What to do:
Beginning with the line that holds "is for pair.", set down each line of the data below through the very last, exactly as given, and nothing beyond that.

Supplied data:
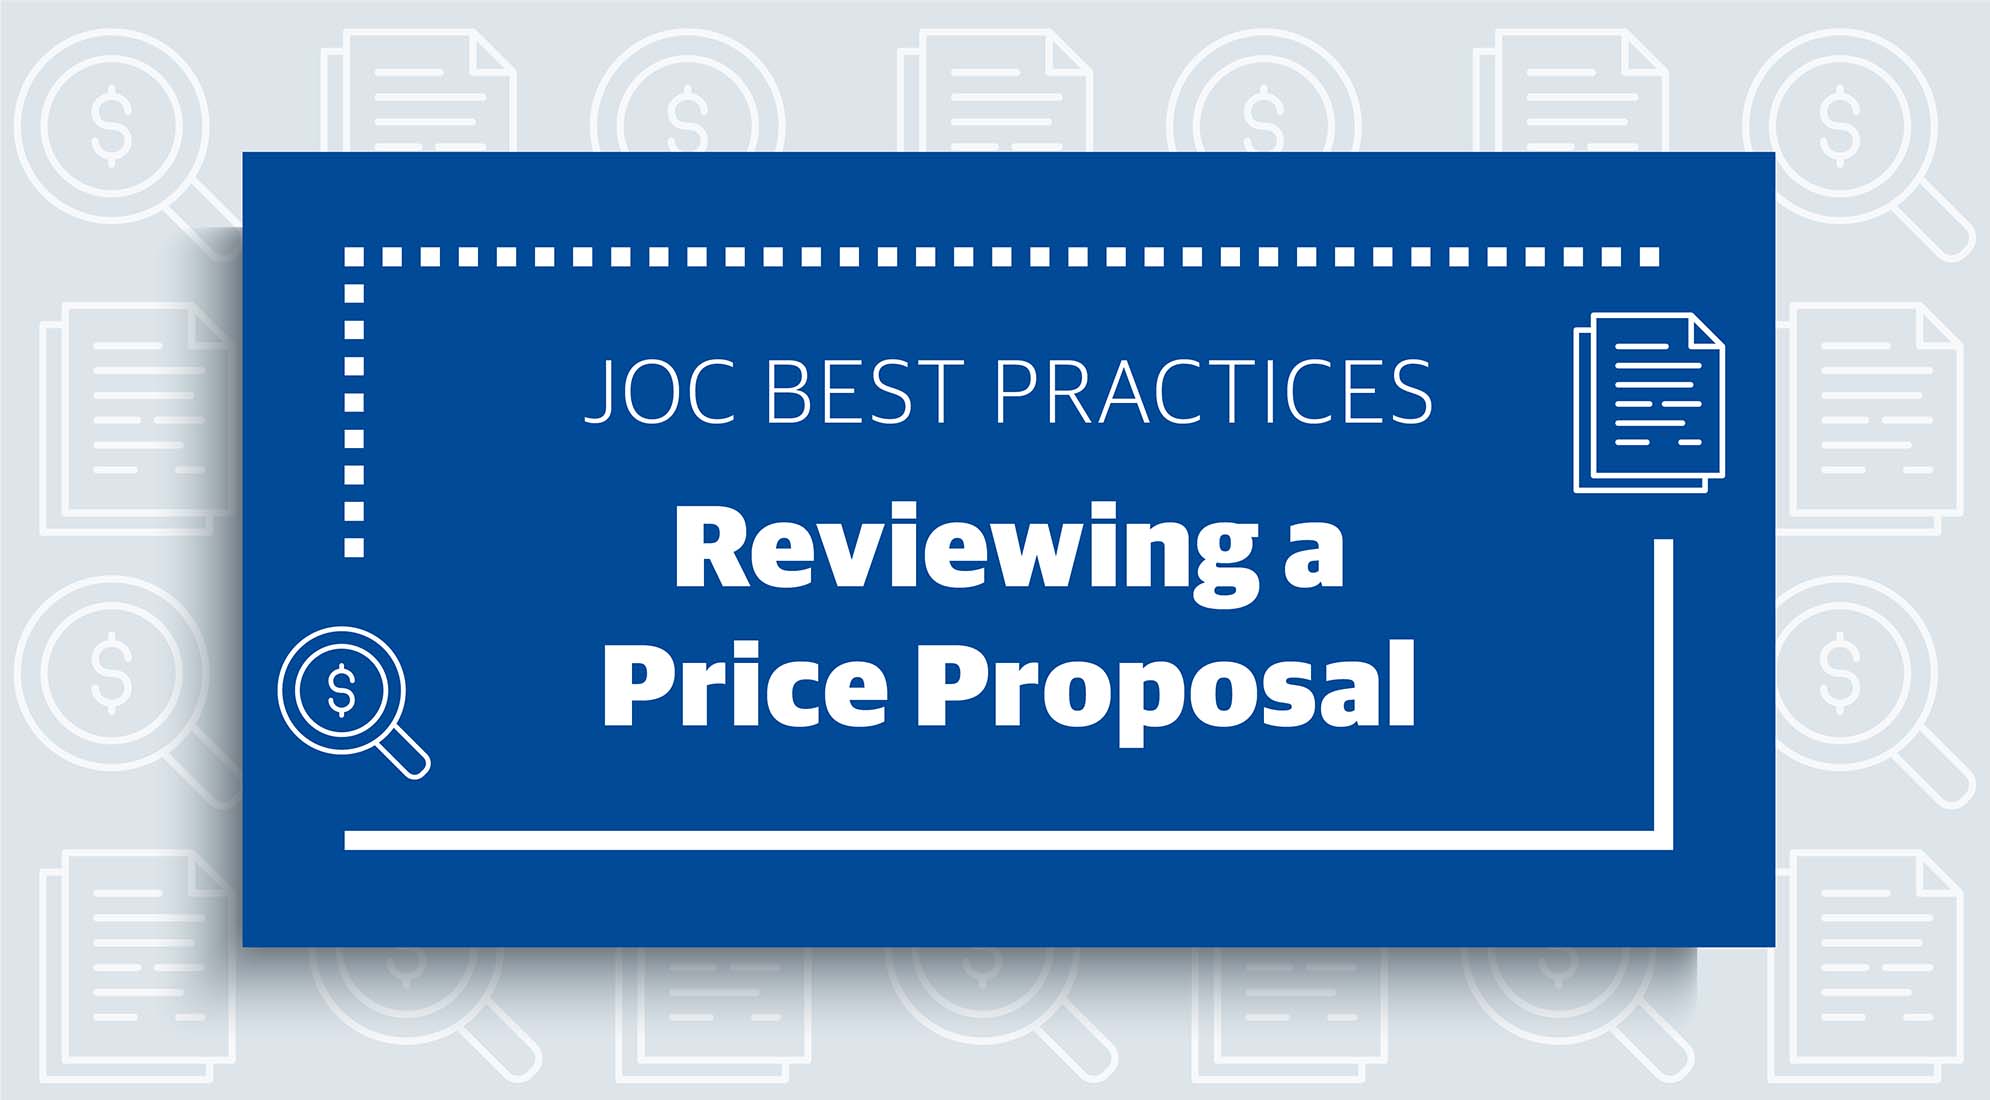 Gordian Account Managers discuss best practice for reviewing a JOC price proposal.
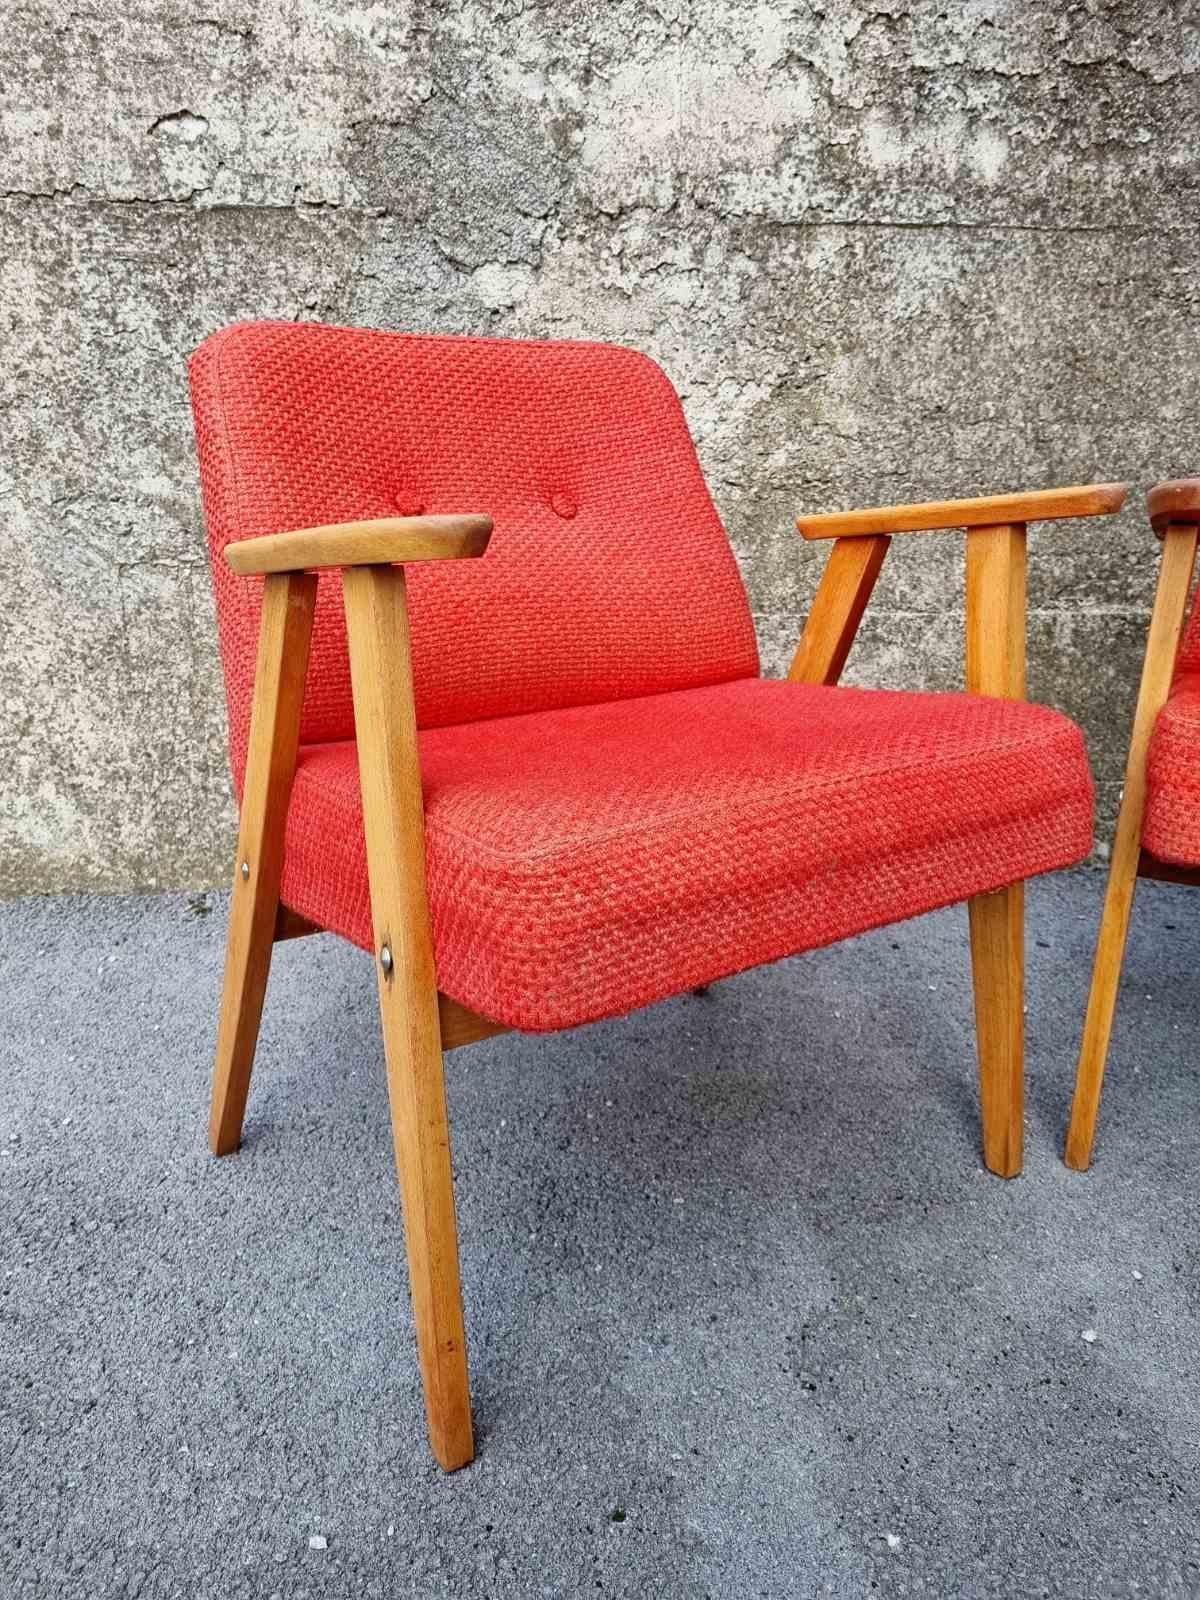 Gorgeous pair of orange Armchairs, model 366, were made in '60s in Poland. They were designed by Jozef Chierowski.

*Price is for pair.

The Chairs are in very good vintage condition. They have original orange-red fabric. They are functional and

Exercise solution:
*Price is for pair.

The Chairs are in very good vintage condition. They have original orange-red fabric. They are functional and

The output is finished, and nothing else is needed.